GPU Partitioning#

Prerequisites#

Before starting this guide, you must complete:

  1. Getting Started with Virtualization

  2. Host Configuration


Supported partitioning types:

  • Spatial Partitioning: Instinct MI300X, MI325X and MI350X/MI355X

  • Temporal Partitioning: Radeon Pro V710

Spatial Partitioning#

In a non-monolithic GPU architecture, multiple chiplets are integrated to form a cohesive unit. The arrangement of these chiplets is essential for understanding the overall architecture and its capabilities.

For programming simplicity, these distinct elements are presented to the programmer as a single logical device. However, for performance-critical applications, it may be beneficial for programmers to give up the convenience of this single-pool view. Instead, they can target kernels and memory allocations at the device’s individual components.

Spatial partitioning enables programmers to selectively modify the logical view of the device. This primarily involves exposing the discrete architectural elements separately. In the case of MxGPU there are memory partitioning modes, which change the view of the memory, and compute partitioning modes which change the view of the compute.

To facilitate targeted resource management, GPUs support various partitioning modes that alter the logical view of the device. These modes can be categorized into two primary types:

  • Compute Partitioning

  • Memory Partitioning

Compute Partitioning#

This refers to the logical partitioning of compute chiplets into distinct devices within the software stack. In the default mode, all compute chiplets are viewed as a single logical compute element. In a partitioned mode, each compute chiplet appears as a separate logical GPU, allowing for explicit scheduling and resource allocation for each individual compute element. MxGPU currently supports Dynamic Compute Partitioning.

Dynamic Compute Partitioning#

Dynamic Compute Partitioning allows for the division of GPU compute resources within a single VF into multiple partitions, configurable as:

  • 1 Partition (SPX)

  • 2 Partitions (DPX)

  • 4 Partitions (QPX)

  • 8 Partitions (CPX)

To dynamically switch the compute partitioning mode, you can use the AMD SMI tool with the following command:

amd-smi set --accelerator-partition=<profile_index>

This command will only work if there are no guest VMs running. It sets the accelerator partition to a mode based on the specified profile_index.
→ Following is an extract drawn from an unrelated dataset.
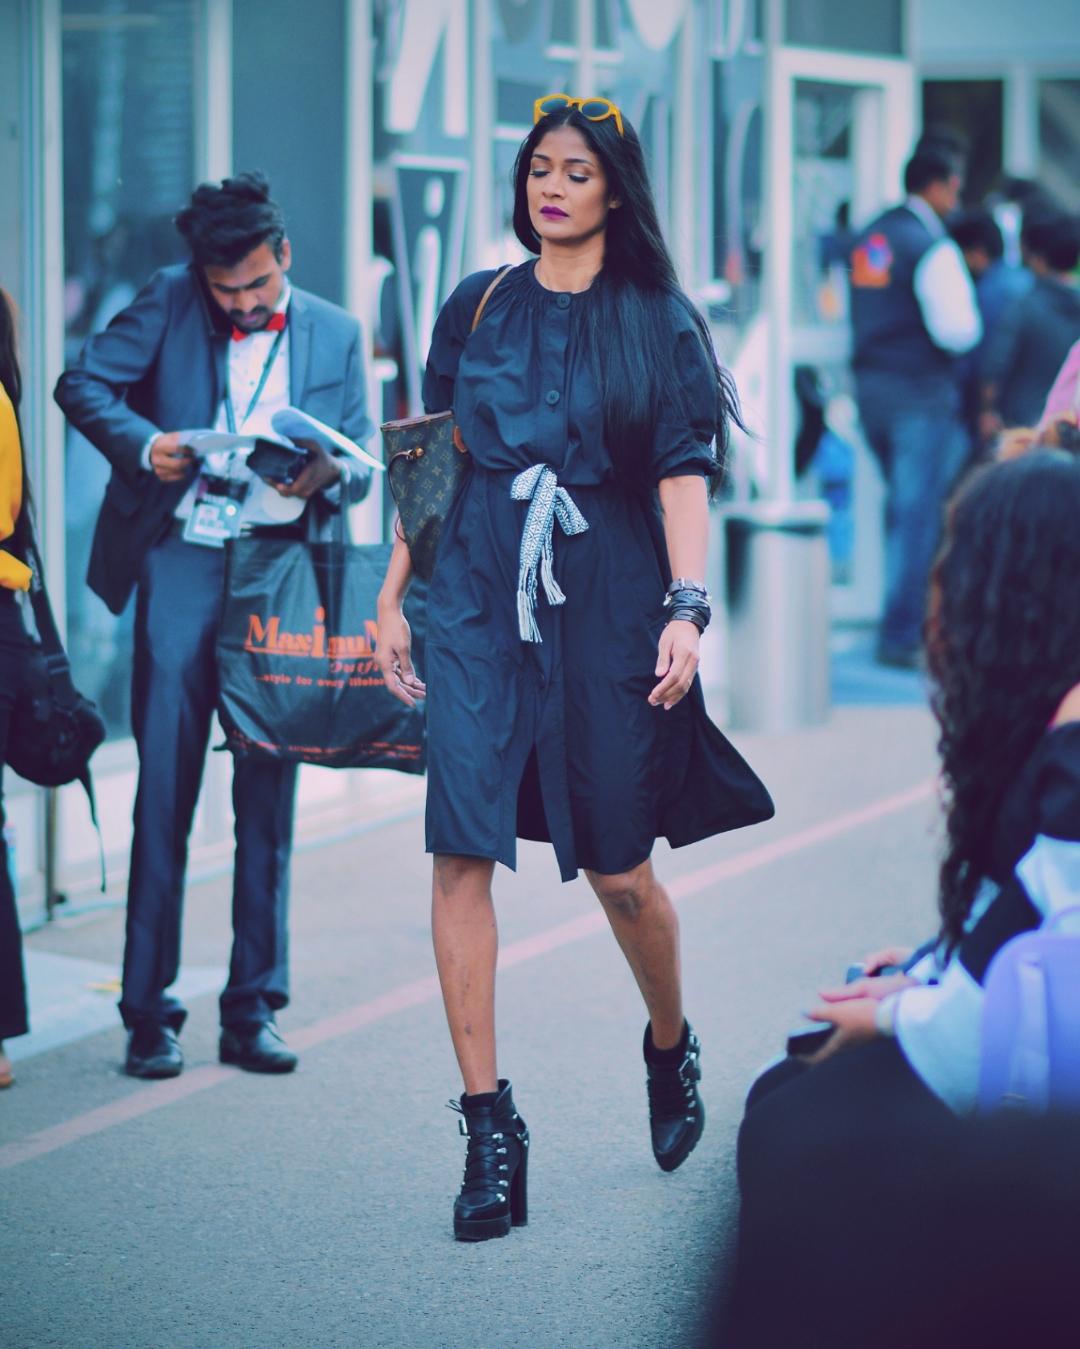 Naina.co, Naina, Naina Redhu, AIFWAW18, Amazon India Fashion Week, Autumn Winter, Fashion Week, India Fashion Week, Delhi Fashion Week, FDCI, Street Style, EyesForStreetStyle, India Street Style, Street Style Photographer India, Lifestyle Photographer, Luxury Photographer, Lifestyle Blogger, Luxury Blogger, Lifestyle Influencer, Luxury Influencer India, Photo Blogger, Photo Influencer, Street Style Influencer, Street Style Blogger

You can retrieve the available profile_index numbers by executing the following command:

amd-smi partition --accelerator

Make sure to check the output of this command to select the appropriate profile_index for your needs.

Dynamic Compute Partitioning Example#

A visual representation illustrating how Dynamic Compute Partition CPX Mode interacts with the VF is provided below:

Dynamic Compute Partition Mode - 1 VF

  • SPX - 8 XCC work together​

  • CPX - each XCC works independently

1VF Config

Memory Partitioning#

Memory partitioning modes, known as Non-Uniform Memory Access (NUMA) Per Socket (NPS), change the number of NUMA domains that a device exposes, effectively altering the accessible memory space for compute units. This alteration affects the number of High-Bandwidth Memory (HBM) stacks accessible to a compute unit. Importantly, the number of memory partitions must be less than or equal to the number of compute partitions. For example, certain memory partitioning modes may only be enabled when specific compute partitioning modes are active, allowing for optimized memory access based on the architecture’s capabilities.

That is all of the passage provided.